The Old York Road Symphony is an American orchestra based in Abington, Pennsylvania. It is one of the oldest all-volunteer orchestras in the country. The orchestra was founded in 1932 by Stanley Chute of the theater orchestra of the Old York Road Players, Suzanne C. Meder of the Jenkintown School of Cultural Arts, and Louis Angeloty, who had been concertmaster of the Philadelphia Orchestra. In the spring of 1933, 20 members of the orchestra gave their first concert in the Keswick Theatre in Glenside. In September 1934 the Symphony received its charter as a non-profit organization and has been in continuous operation ever since. The mission of the orchestra is "to provide an outlet for the interests and talents of serious musicians of all ages while enriching the cultural life of suburban Philadelphia."

== Staff and Productions==

Thomas Rigney leads the orchestra as the tenth music director, a position he assumed in 2026. The orchestra consists of about 60-65 volunteer musicians, whose weekly rehearsals produce four or five concerts each year, ranging from symphonic concerts and orchestral soloists to pops and family concerts. Abington Middle School is the orchestra's primary performance venue, although concerts have also been given at Penn State Abington and other locations.

A lifelong resident of Abington Township, Maestro Thomas Rigney has been an active presence in the local music scene for years. He has already made a profound impact at OYRS through his work as the Assistant Conductor, leading performances ranging from Handel’s Messiah to pops and subscription concerts. Thomas brings an academic and performance background to the role, with degrees from Penn State and the University of Houston. He is experienced as a teacher and conductor, including roles at Bishop McDevitt High School and guest appearances with the Warminster and BuxMont symphonies.

Co-founder and first conductor Louis Angeloty held the position until 1956 when he was succeeded by Wolfgang Richter. Richter served until 1968 followed by Joseph Primavera, a violist with the Philadelphia Orchestra for many years. In 1978, not yet 21 years of age, Mark Laycock, winner of the Leopold Stokowski Memorial Competition, became the orchestra's conductor. In 1984 Minnesota-born Arne Running, a graduate of the New England Conservatory of Music took over the reins. From 1997 through 2003 Dr. Douglas Meyer served as music director/Conductor. In 2004 Gabriel Gordon was selected as music director and conductor and led the orchestra through the 2008 season when his relocation to New Mexico caused him to step down. At the beginning of the 2008 season, Yoon Jae Lee -a native to New York and an avid composer, arranger, and conductor-  became the music director and led the orchestra through the 2015-2016 season when he stepped down. From 2016 through 2026, Jack Moore, a familiar voice on Philadelphia’s airwaves, led the orchestra. Today, the orchestra continues to thrive under the baton of Thomas Rigney.

== Community outreach and Young Artists Competition ==

The orchestra also has an active youth outreach program and is engaged with local public schools in encouraging music studies. These student-focused programs have two primary objectives. First, to encourage young instrumentalists to continue to study and practice their craft, and to acknowledge and reward them for doing so. And second, to develop future audiences, by exposing students who are not musicians to the joy of music and enrich their lives for many years.
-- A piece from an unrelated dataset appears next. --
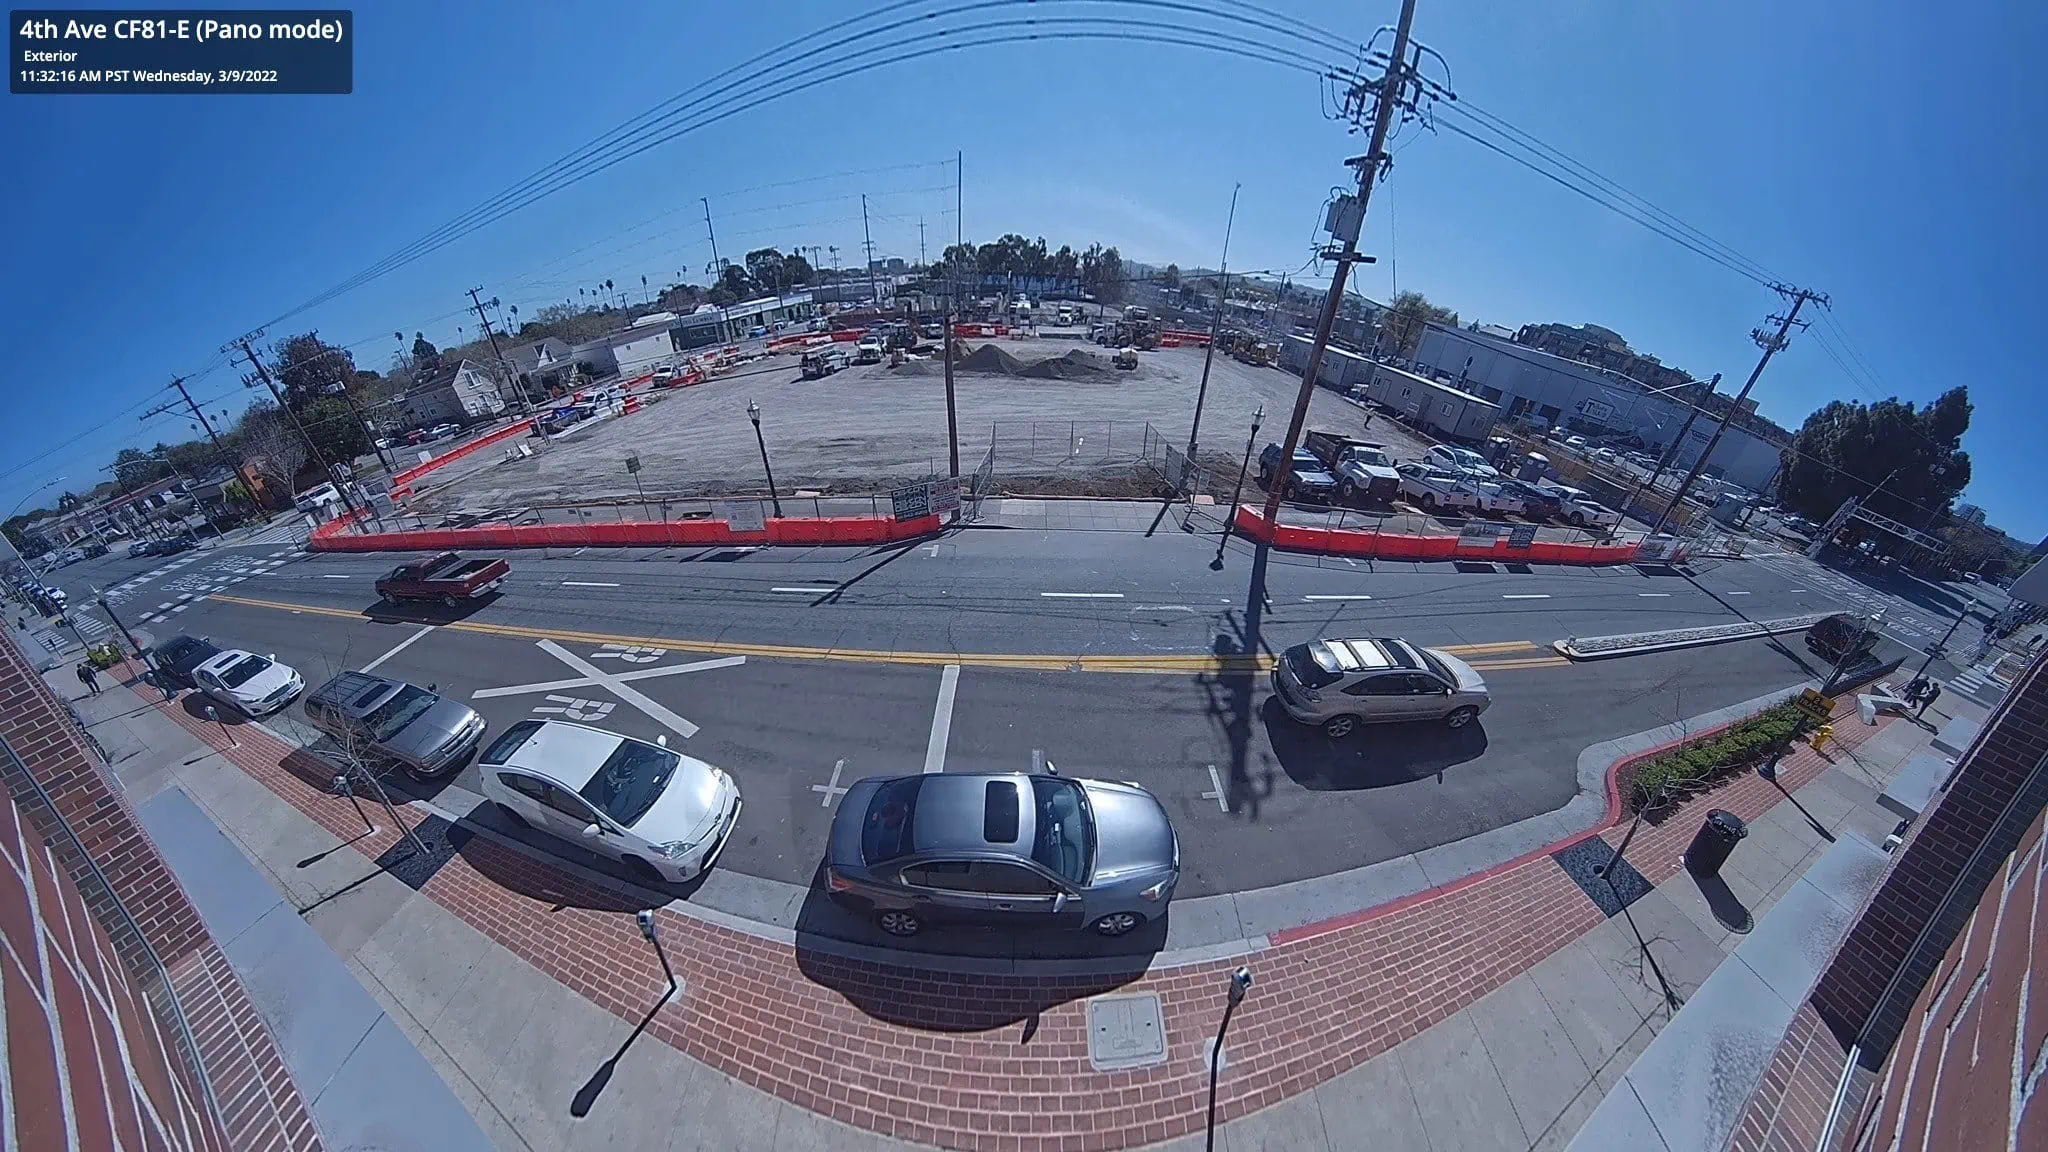 Parking lot monitored by fisheye camera in pan mode wireless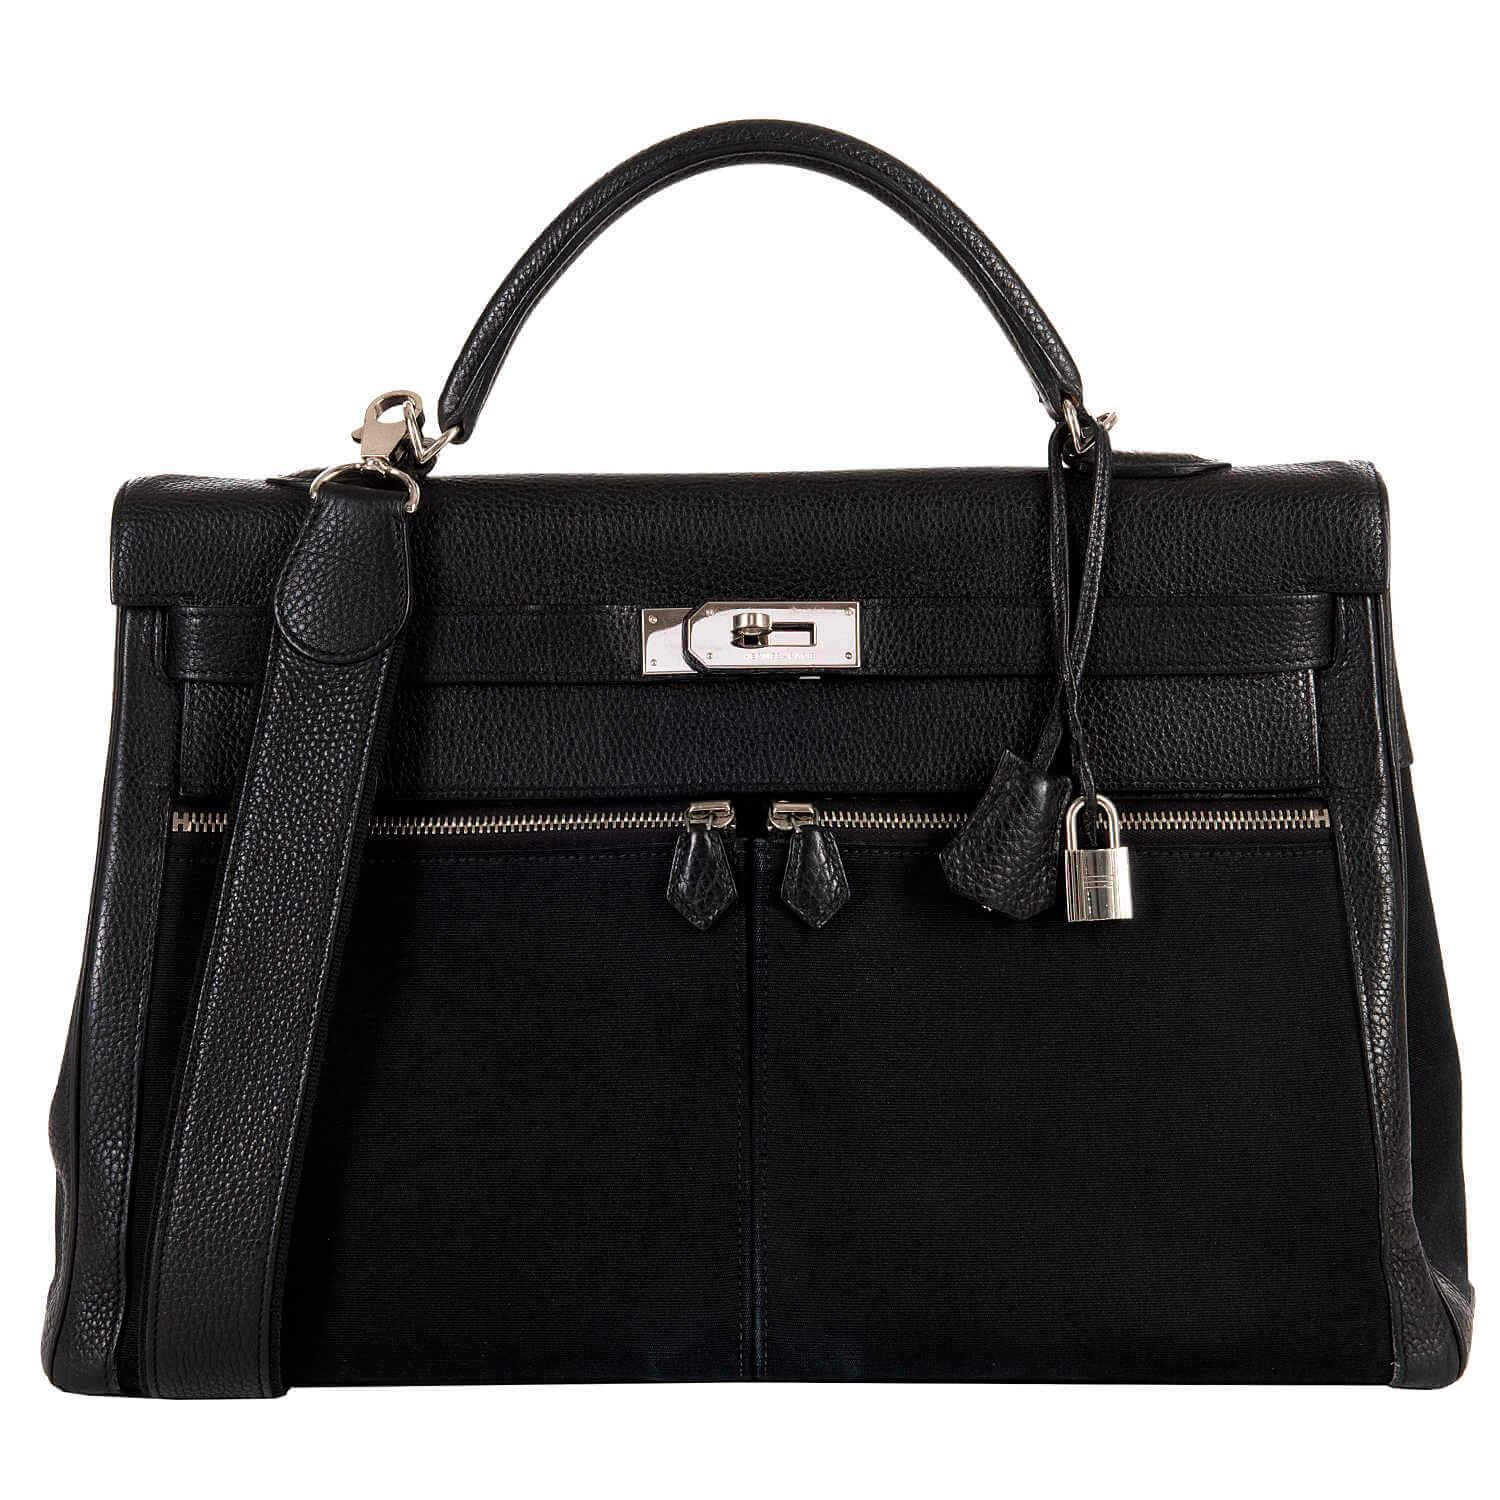 Rare Hermes 40cm Black on Black kelly 'Lakis' Bag with Palladium Hardware

One of the most important community outreach initiatives of the Old York Road Symphony is its annual “Young Artists Competition”, the winners of which then perform with the symphony in the following season's Young Artists Concert. For more than 13 years, the symphony has sponsored this pair of events to showcase the talent of local youthful music students. Consistent with the symphony's Mission Statement, this competition and its associated concert provide an opportunity for students to perform and a forum to help introduce other teens and young adults to classical music and musical instruments.

This competition for young musicians in the Delaware Valley is held every spring. Outstanding candidates are identified through an extensive network of relationships and contacts that orchestra members have established over many years with music teachers in both public and private schools, as well as studio music teachers. The teachers not only recommend students for the competition but also encourage them to participate. A panel of three musician judges selects the winner, or winners, who receive a modest cash prize and the opportunity to perform as featured soloists in the following season's Young Artists Concert.

The orchestra also provides teaching materials to the music teachers in the schools attended by the winners. The use of these materials in the classroom helps to expose a wide cross-section of students to the music that will be performed by their classmates and, ultimately, to generate more interest in classical music among the younger generation.